My personal memecoin idea maze
July 15, 2024
My primary interest is in developing stable modes of value accrual for non-protocol tokens. I believe tokens are a powerful attention technology and that there exists some combination of infrastructure that offers them simple, robust economic models—with which they will accelerate culture.
A near-term way that to think about this is: "What's the canonical business model for token communities whose core competency is not shipping proprietary software?" Right now, these communities exist most prominently in the form of memecoins, of which I consider Bitcoin the foundational example, as its value is primarily derived from cultural significance as opposed to services rendered.
Here, I offer some background on why I feel this is such an interesting design space and briefly catalog where it's taken me over the past few months using a maze diagram.
Tokens are easy to pay attention to
Blockchains offer a few key features:
- Token issuance
- A robust environment for programs that compute over token state
As you've probably heard, people are excited about using these features to bring existing capital markets on-chain. While I agree this will eventually happen, there's no catalyst for it. Any capital market that already exists, by definition, does not need to exist on-chain. RWAs today are 0.5% of total token market cap. On its current course, this transition will take a long time.
Meanwhile, many crypto-native markets support prices and volumes far and above any coherent model of their underlying tokens. Anyone with a brain can scroll through coinmarketcap and point to several effectively dead projects with nine and ten figure market caps. There are bad reasons for this—fog, fraud, and hope—but there are also good reasons.
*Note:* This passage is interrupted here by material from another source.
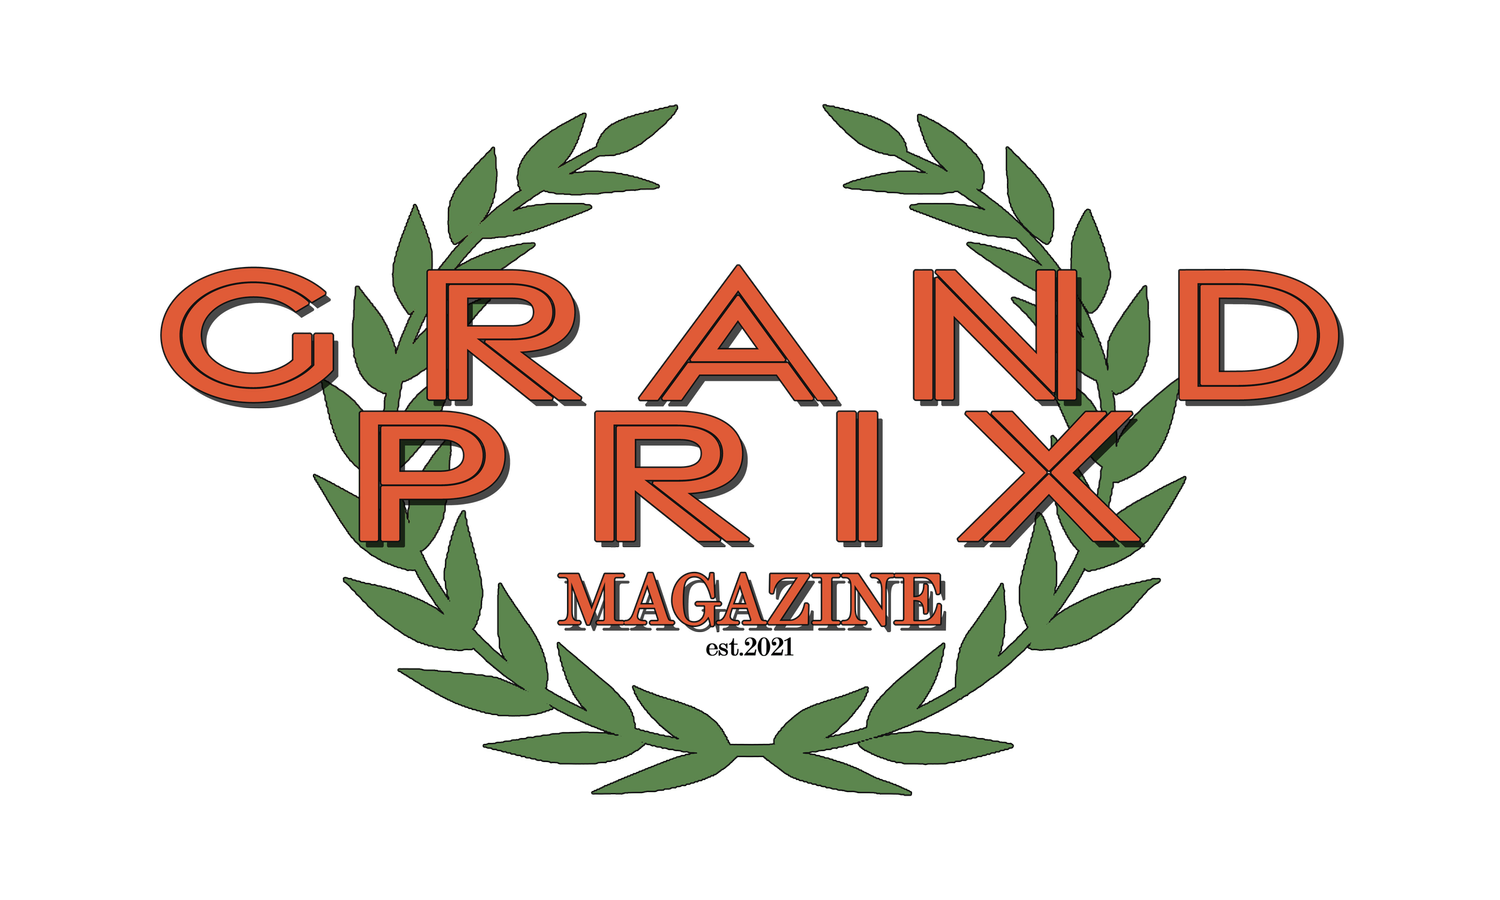 Grand Prix Magazine
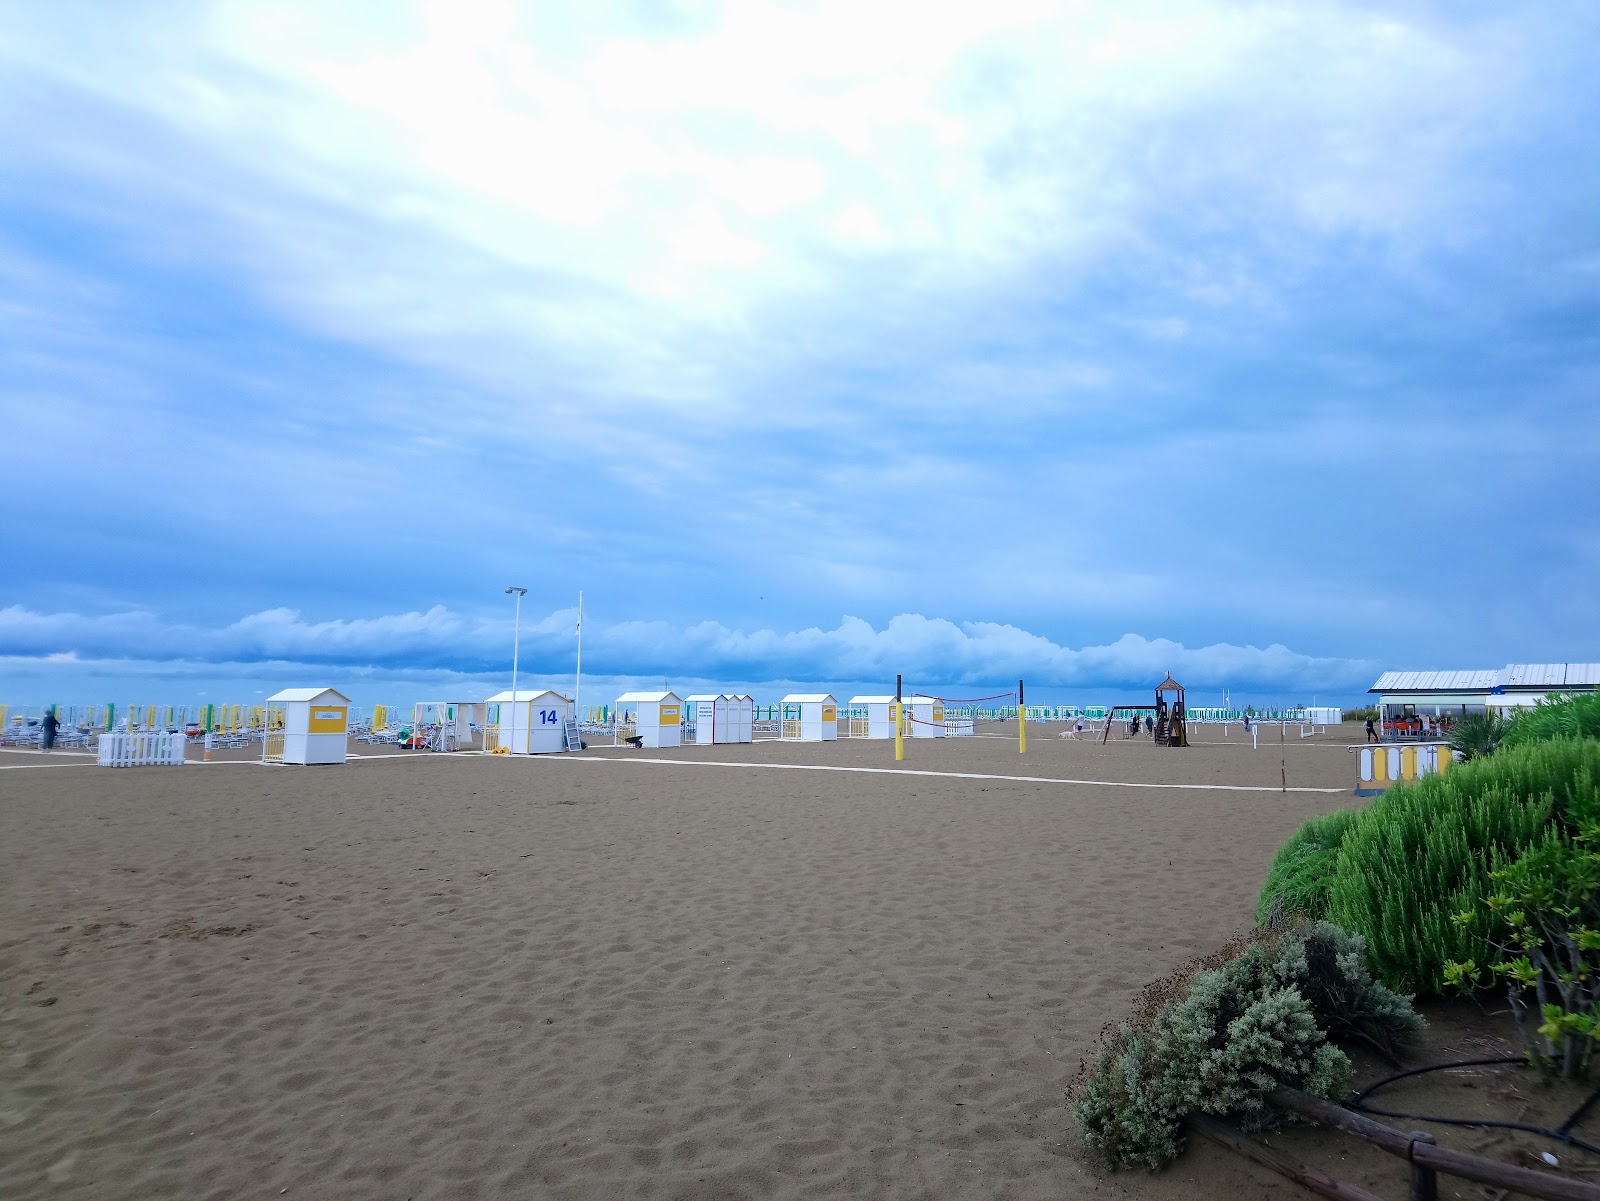 Spiaggia di Caorle'in fotoğrafı parlak kum yüzey ile

The relationship between tokens and traditional financial instruments has strong parallels to the relationship between internet-native media and institutional media. Video content filtered through a Hollywood studio is more polished, safe, and investment-ready than the biomass of Youtube and Tiktok. But, it comes with reduced entropy and greater distance from the viewer.
One generally cannot tank the value of an institutional asset by getting into a fight with its creator on Twitter (Tesla notwithstanding). Tokens make few promises but pass financially-consequential drama to investors' screens in real-time via the public internet. This is not a temporary consequence of market maturity; it follows from technology—tokens can be issued and purchased by anyone, anywhere. This makes them more expressive, more reflexive, and more engaging than their traditional counterparts.
Searching for a foundational model of memecoins
For my purposes, memecoins are tokens which succeed primarily by organizing attention as opposed to rendering a product or service. Importantly, many of today's largest consumer-facing companies, if organized on-chain, would be memecoin issuers under this definition.
Of course, how tokens accrue value goes hand in hand with how they're used. It might seem paradoxical to start by considering economic models and then work backwards into product experiences. My motivation for doing so is the belief that memecoins are primarily constrained by economic structure as opposed to product adaptation. If memecoins can access robust modes of value accrual, it will be (relatively) easy to build engaging product experiences around them.
Under this logic, token communities do not need to morph into complex, on-chain businesses. They just need a sort of basic, internet-native feedback loop that's widely understood and captures value.
I'm sure that I should add more background, but I'm moving on (message me).
How do memecoins accrue value?
The maze begins with a simple but sort of heady idea: Bitcoin bootstrapped store-of-value by empowering a techno-libertarian social movement. Maybe new memecoins could succeed similarly with different identity groups? (token + values)
This lead me to a few next-level questions:
- How do memecoins maintain identity in the face of speculation?
- Is identity-alignment enough to create large-scale value accrual?
- Does it make long-run sense for memecoins to monetize attention directly via market demand?
I decided to try writing this in a visual format. I do think it better represents the evolution. To view the maze, click on the image below.
Memecoins aren't immune to accounting
I began with the assumption that existing memecoins mostly work and tried to generate economic models that support them. While there are interesting things to be said there, it's much more likely that memecoins find modes of concrete value capture than that investors squint to accommodate their present form. New stores of value, though they're interesting and can fit in a coherent model, are not that value-accretive.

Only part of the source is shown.